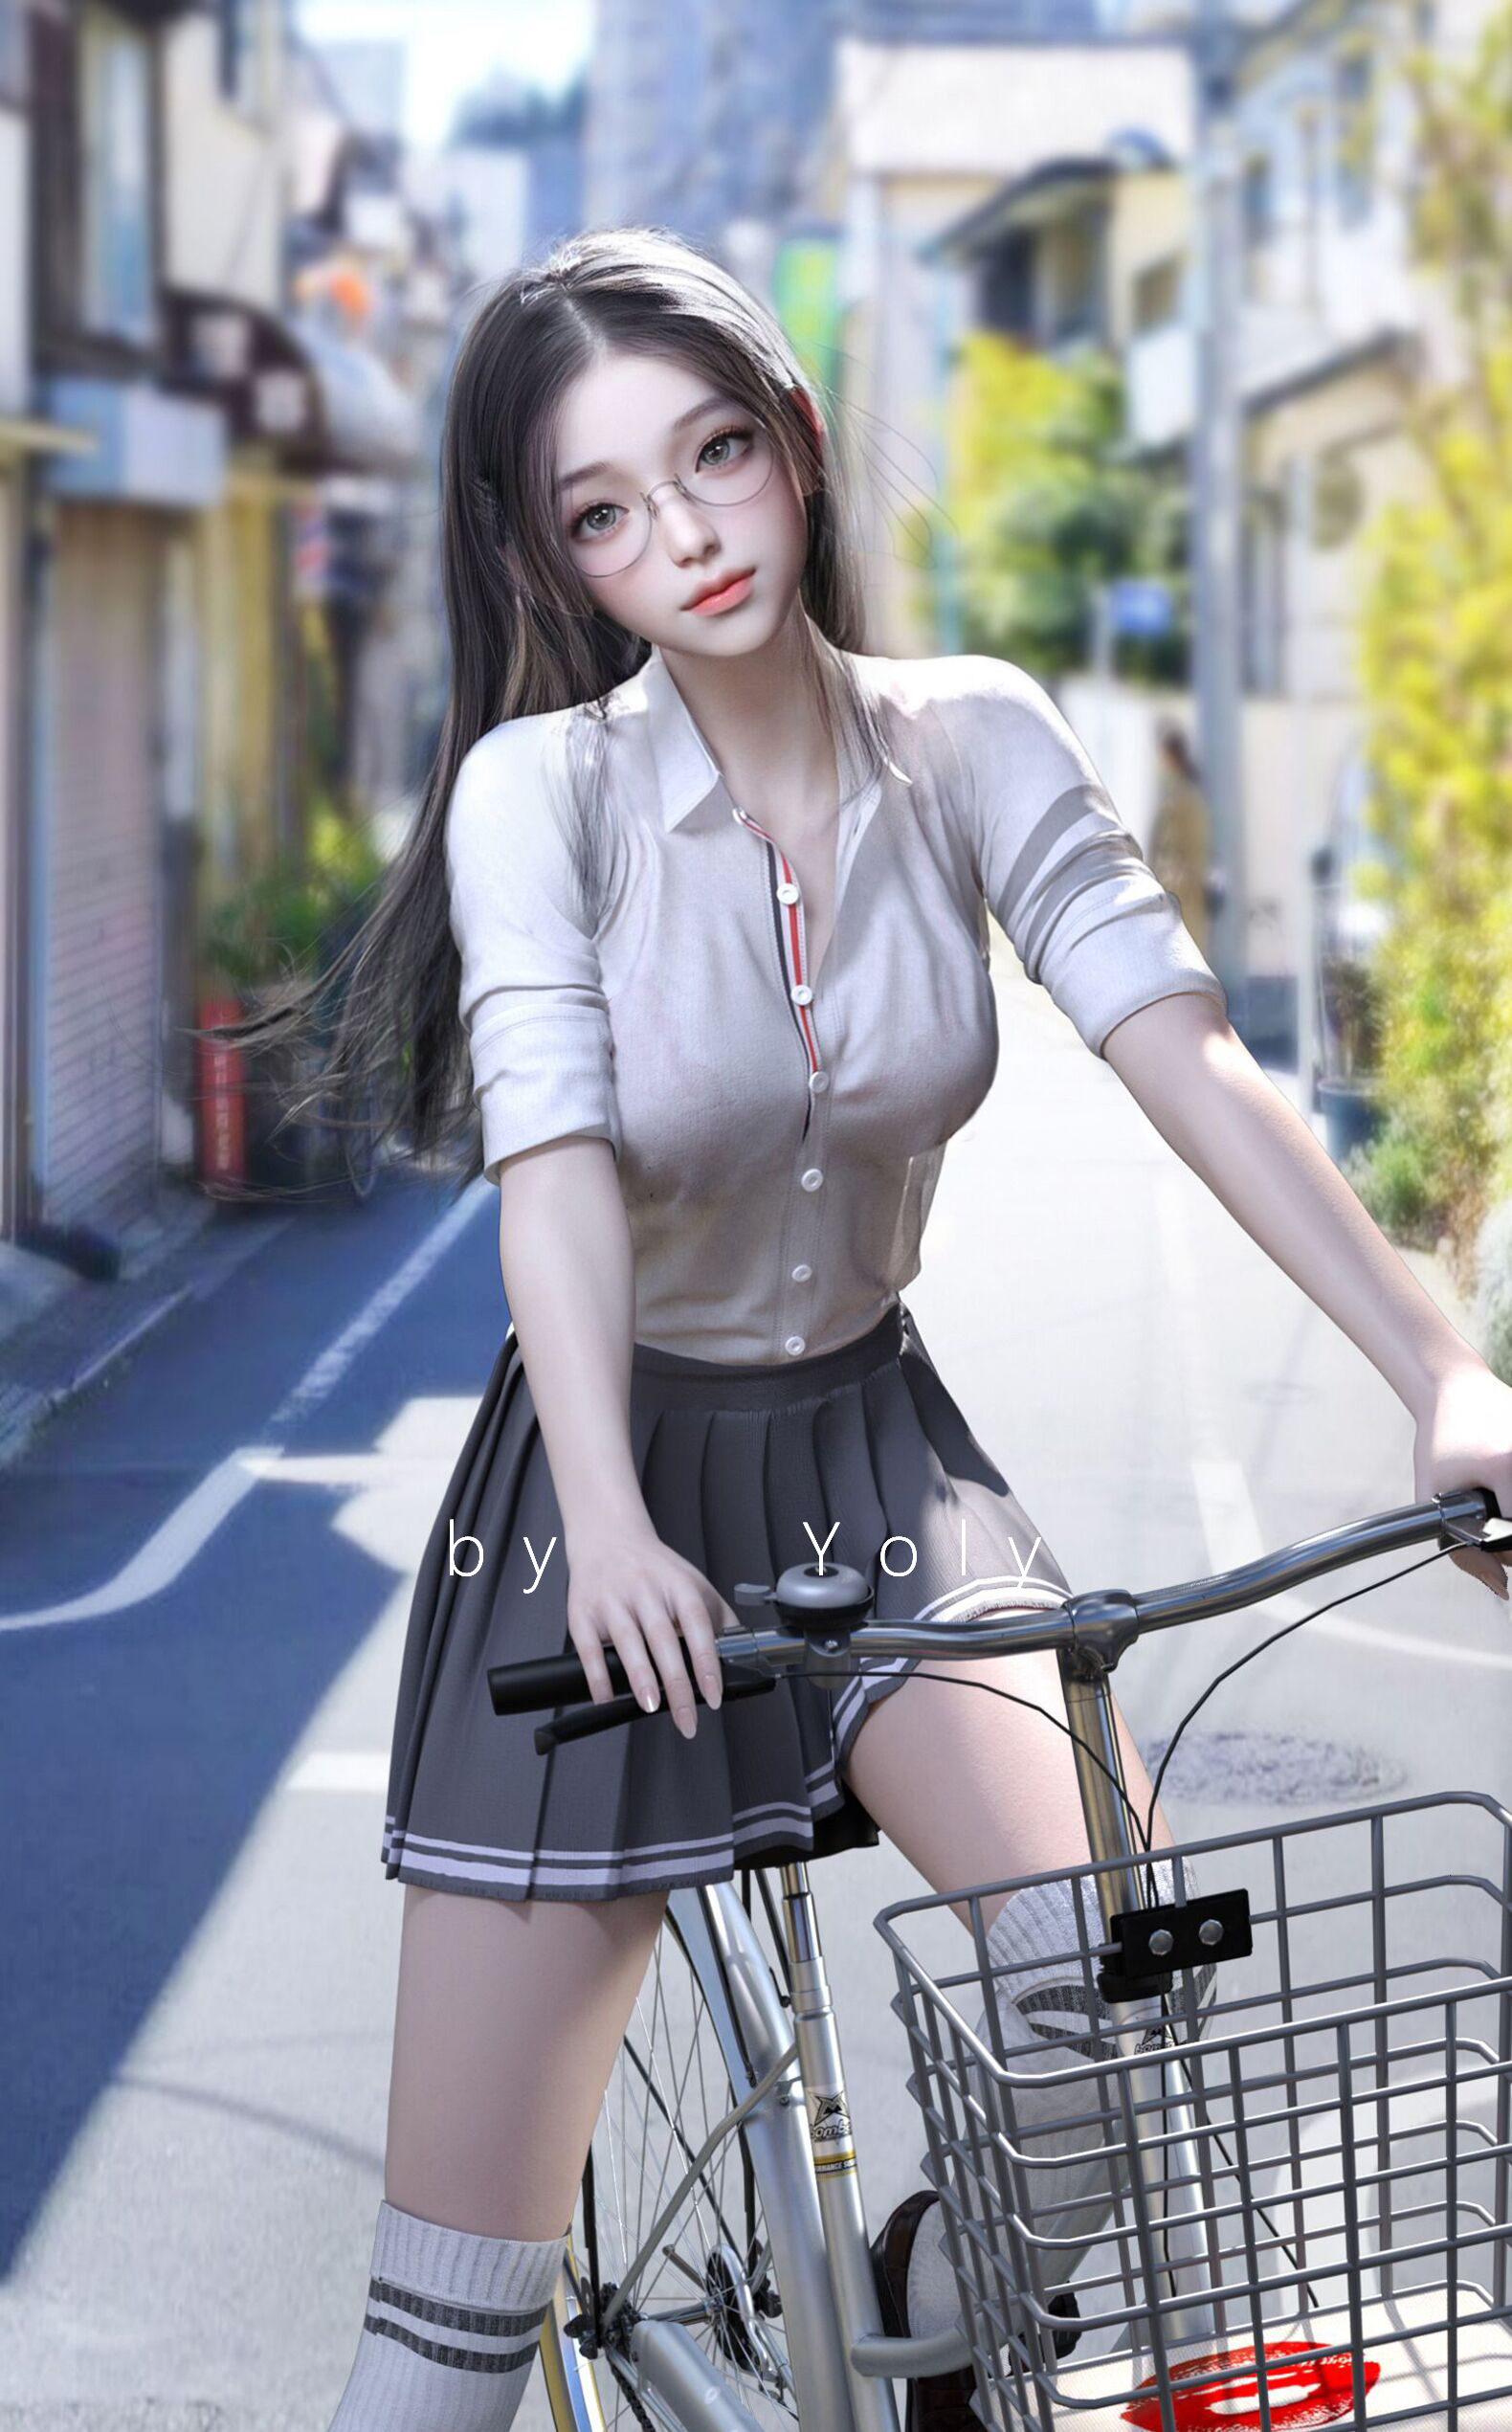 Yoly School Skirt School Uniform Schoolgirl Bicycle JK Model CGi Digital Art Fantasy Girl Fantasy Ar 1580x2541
--
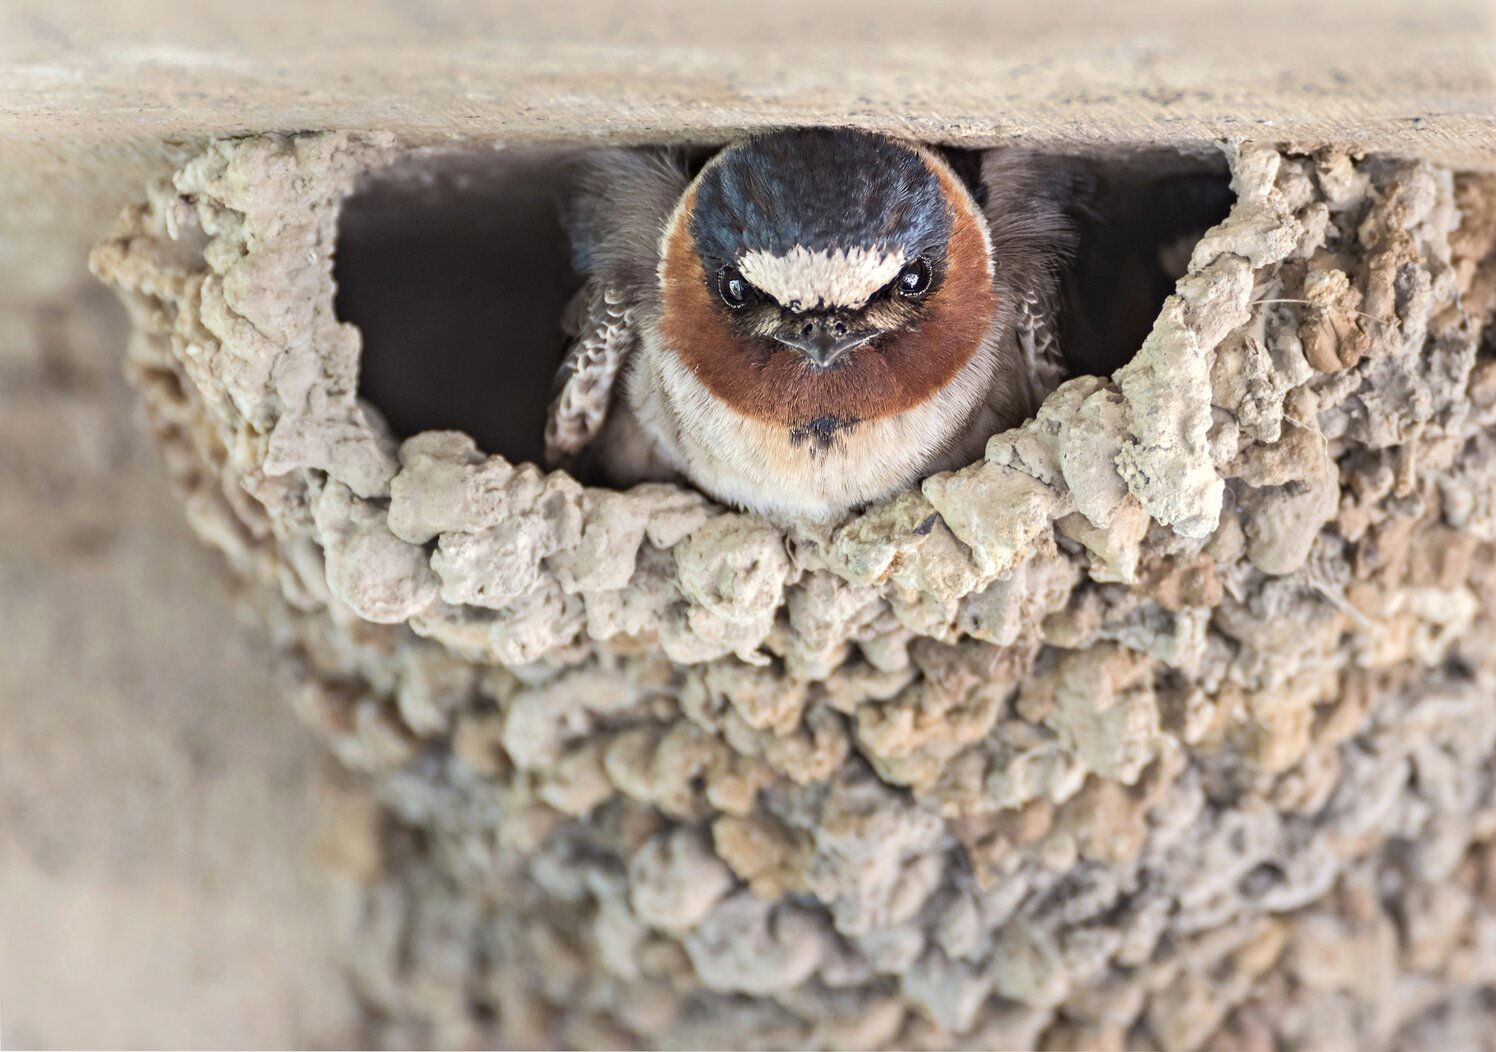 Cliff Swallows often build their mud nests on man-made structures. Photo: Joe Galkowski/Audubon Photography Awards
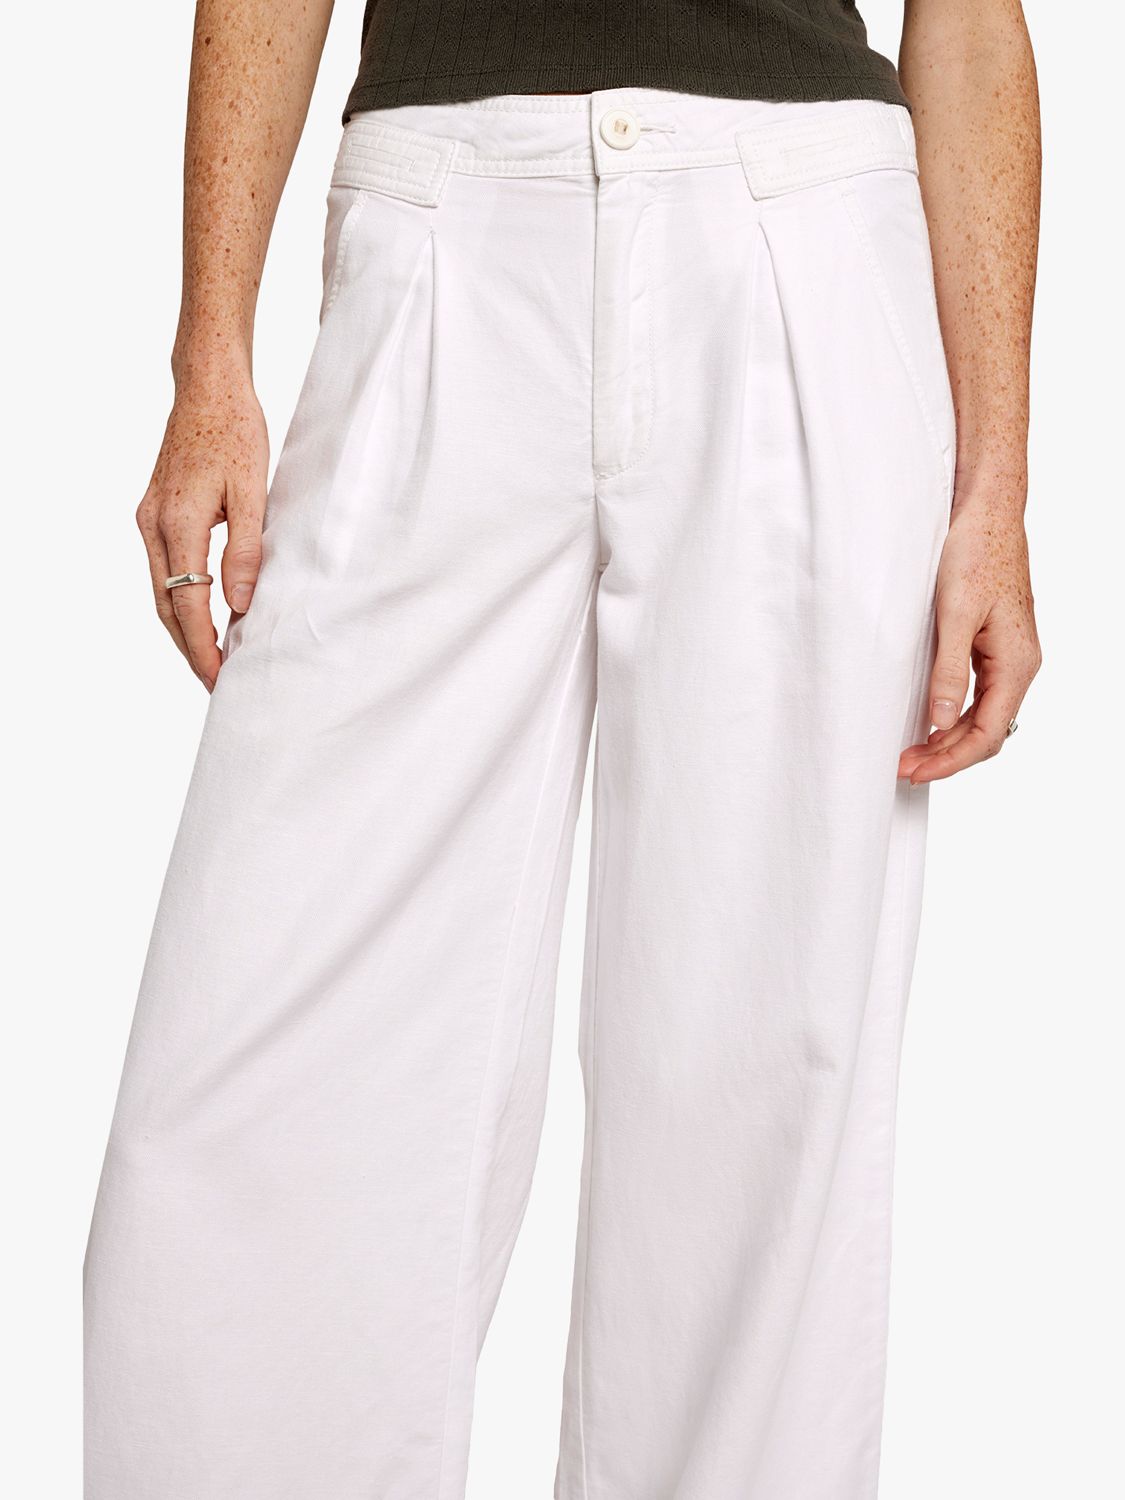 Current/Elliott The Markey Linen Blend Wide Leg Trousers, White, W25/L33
---
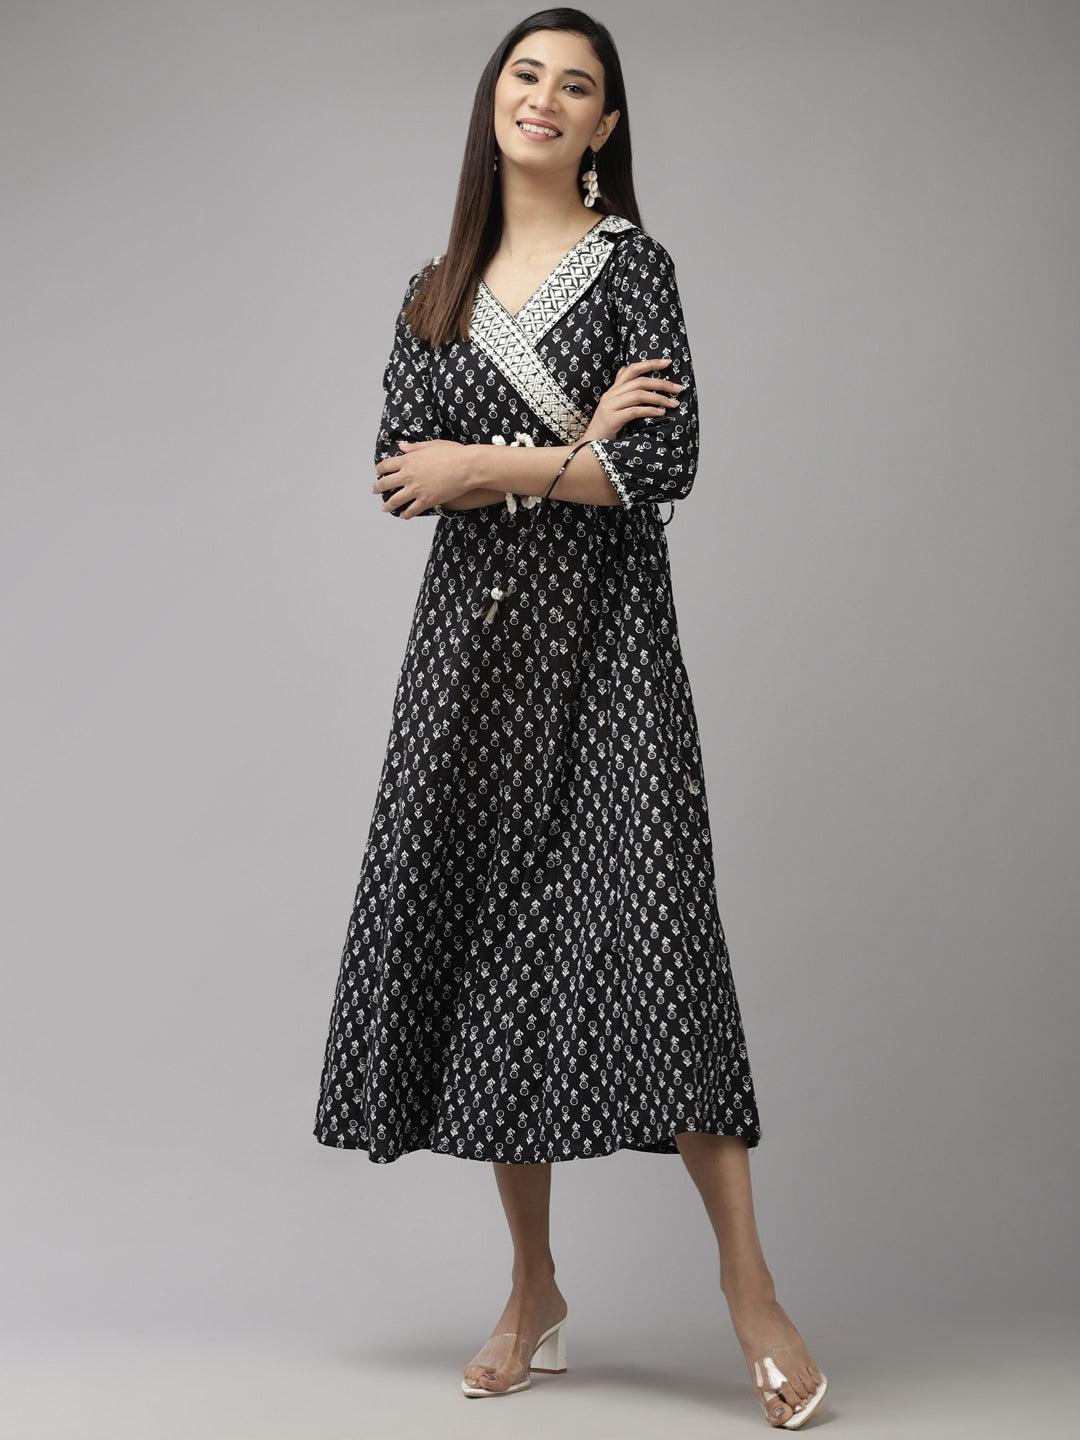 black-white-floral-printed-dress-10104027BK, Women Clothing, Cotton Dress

WHAT IS NEEDED »
Which part of the entries opens with the line containing "Cliff Swallows often" and closes with the line containing "Current/Elliott The Markey"? Output that part exactly, ends included, pictures excluded.

RESPONSE TO THIS TASK »
 Cliff Swallows often build their mud nests on man-made structures. Photo: Joe Galkowski/Audubon Photography Awards
 Current/Elliott The Markey Linen Blend Wide Leg Trousers, White, W25/L33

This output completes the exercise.